ANOTHER REASON ONLINE SHOPPING RULES

The police issued a warning today about possible terror attacks at a mall somewhere near the Federal Building on Wilshire near the 405 in Westwood. They didn't say which malls would be targets- indeed, they didn't give any specifics at all- but they told everyone to exercise "vigilance."

Vigilance? What's "vigilance" going to do? You get to see the face of the person who's about to kill you? Are you supposed to throw yourself on a grenade? What are you supposed to do?

Well, nothing. And the cops can't do anything, either.
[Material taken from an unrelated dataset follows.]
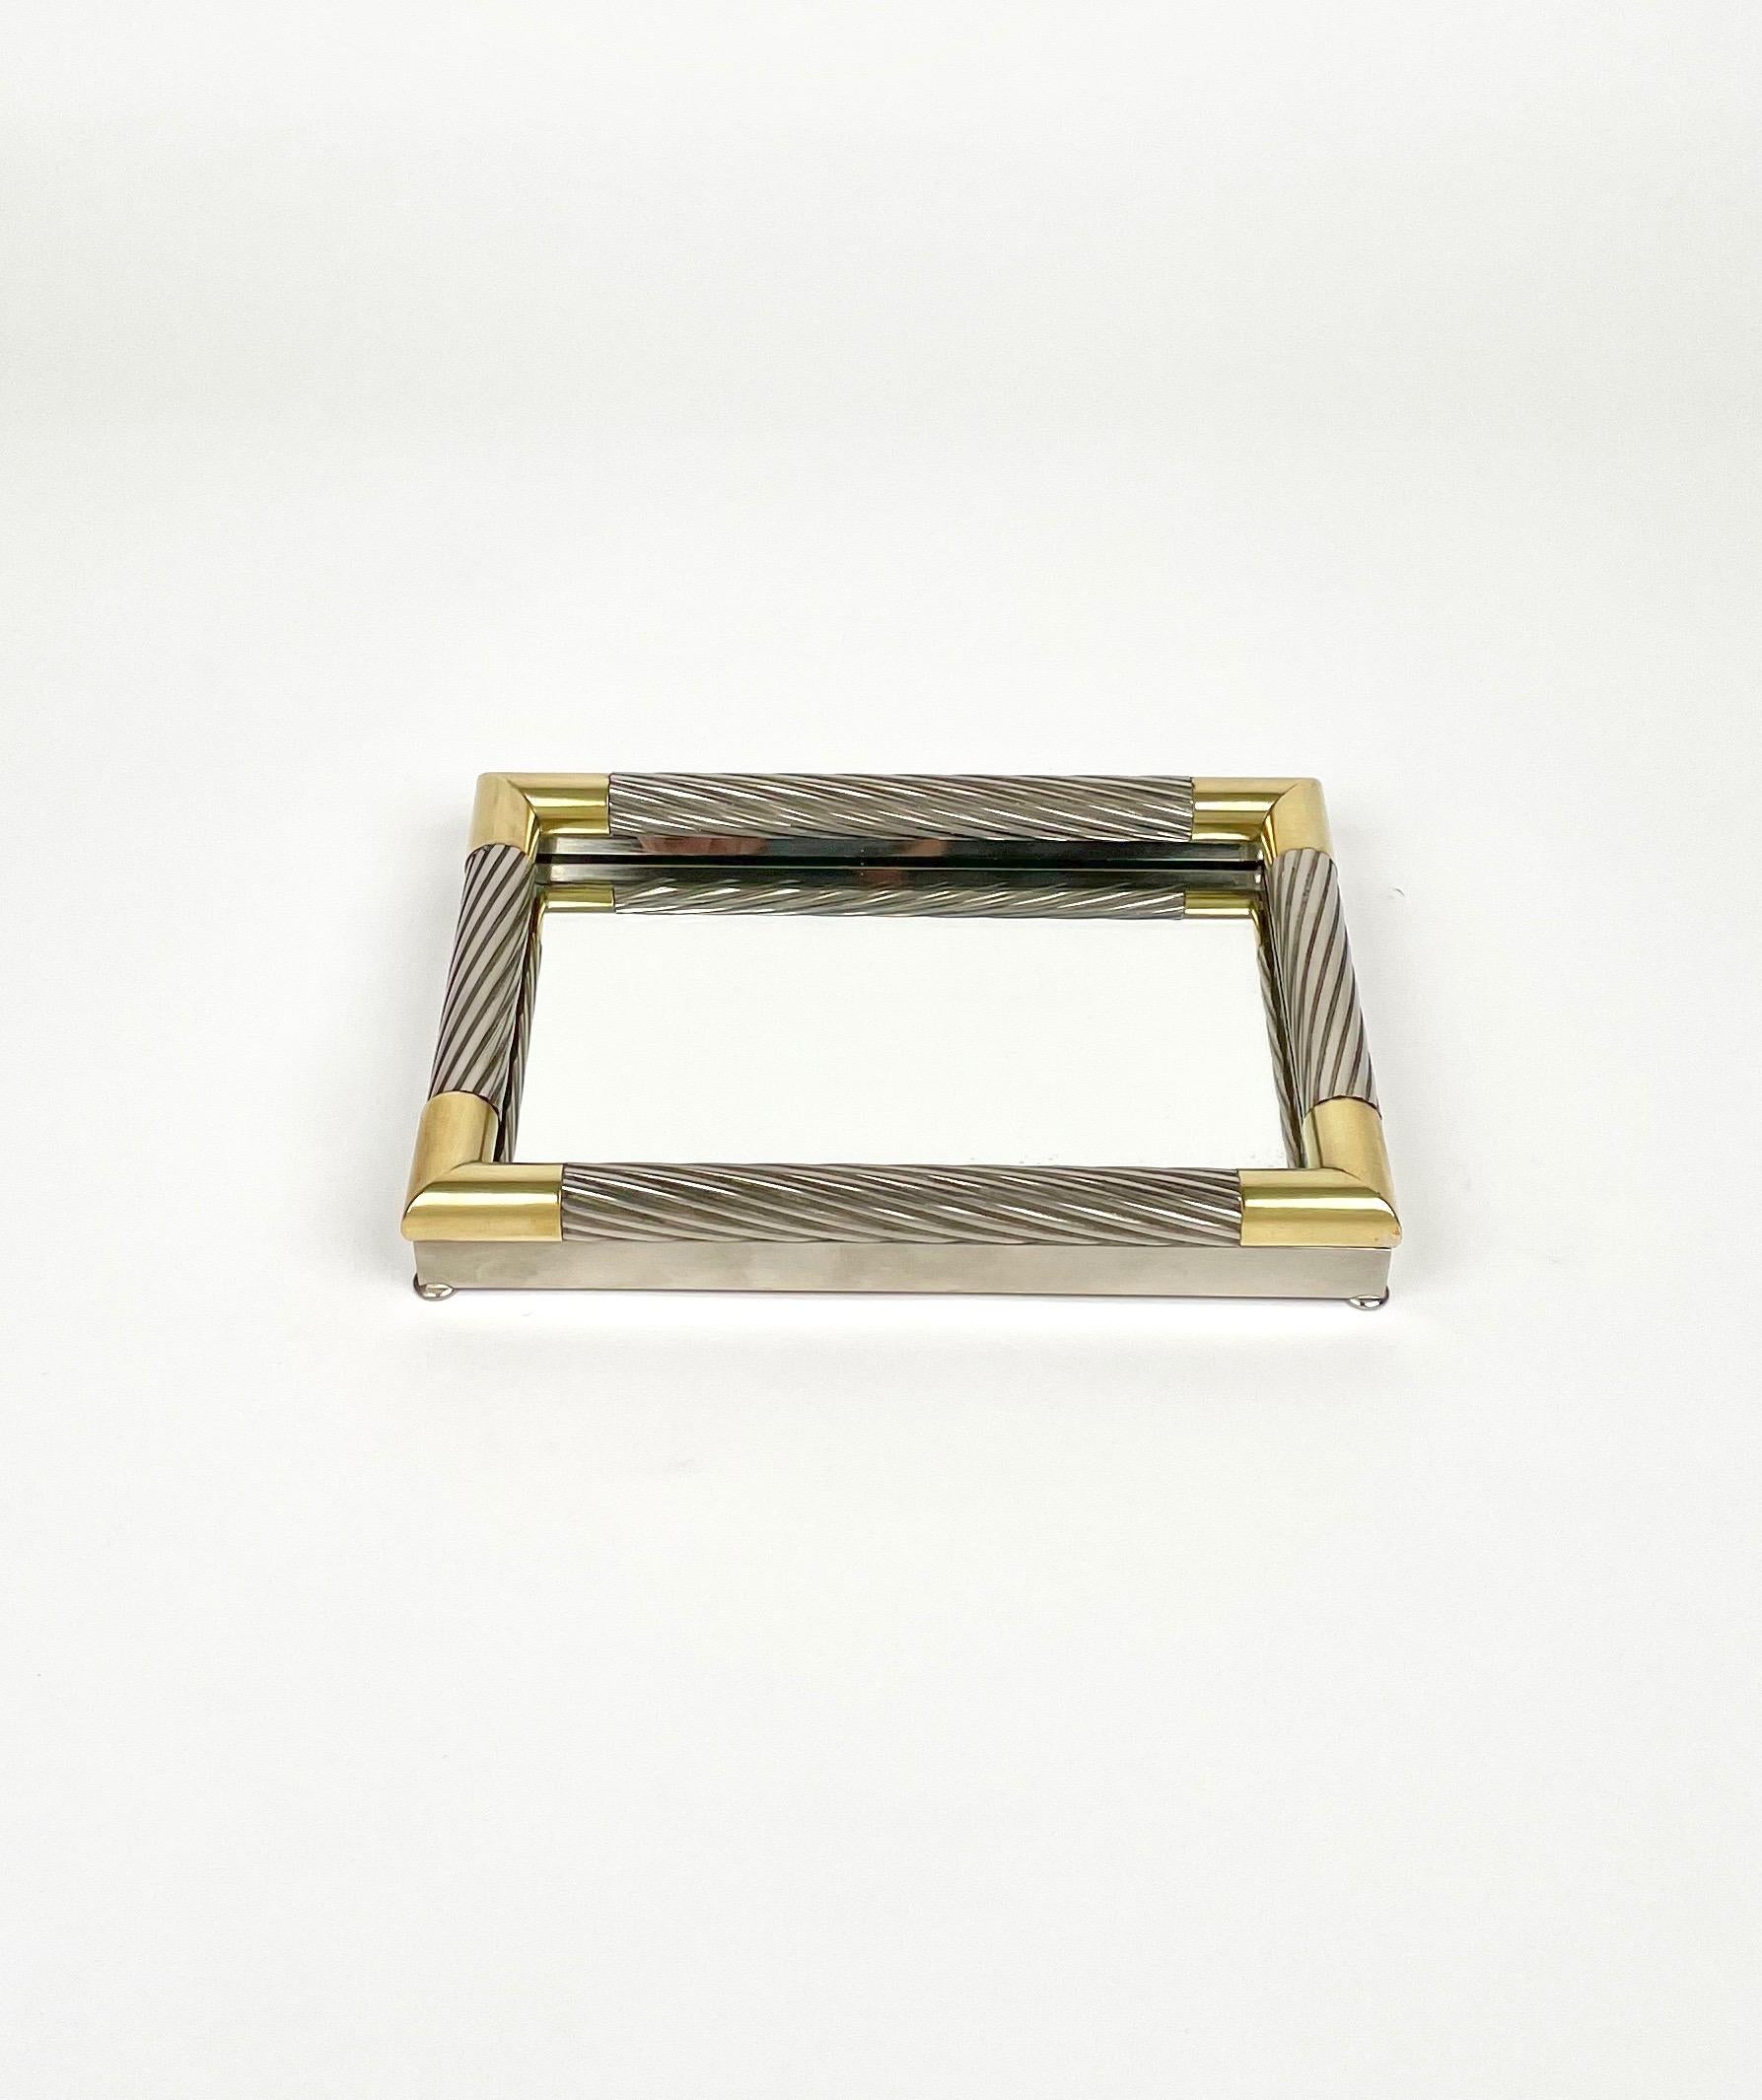 Rectangular Vide-Poche centerpiece in silver metale, mirror e corners brass by the Italian designer Tommaso Barbi. 

Made in Italy in the 1970s.

If a murderous bastard wants to drive into a mall garage with a carload of explosives, or someone wants to lob a grenade into a store, or whatever else someone wants to do to kill people, no cop or barricade or plan will do much more than temporarily inconvenience the attacker. There's not much anyone can do to stop it, even if you know it's coming, unless you want to make life very, very different. You can post cops at all entrances. You can inspect all cars. You can make people go through metal detectors. You can frisk people. You can make a quick trip to Macy's into an affair of several hours.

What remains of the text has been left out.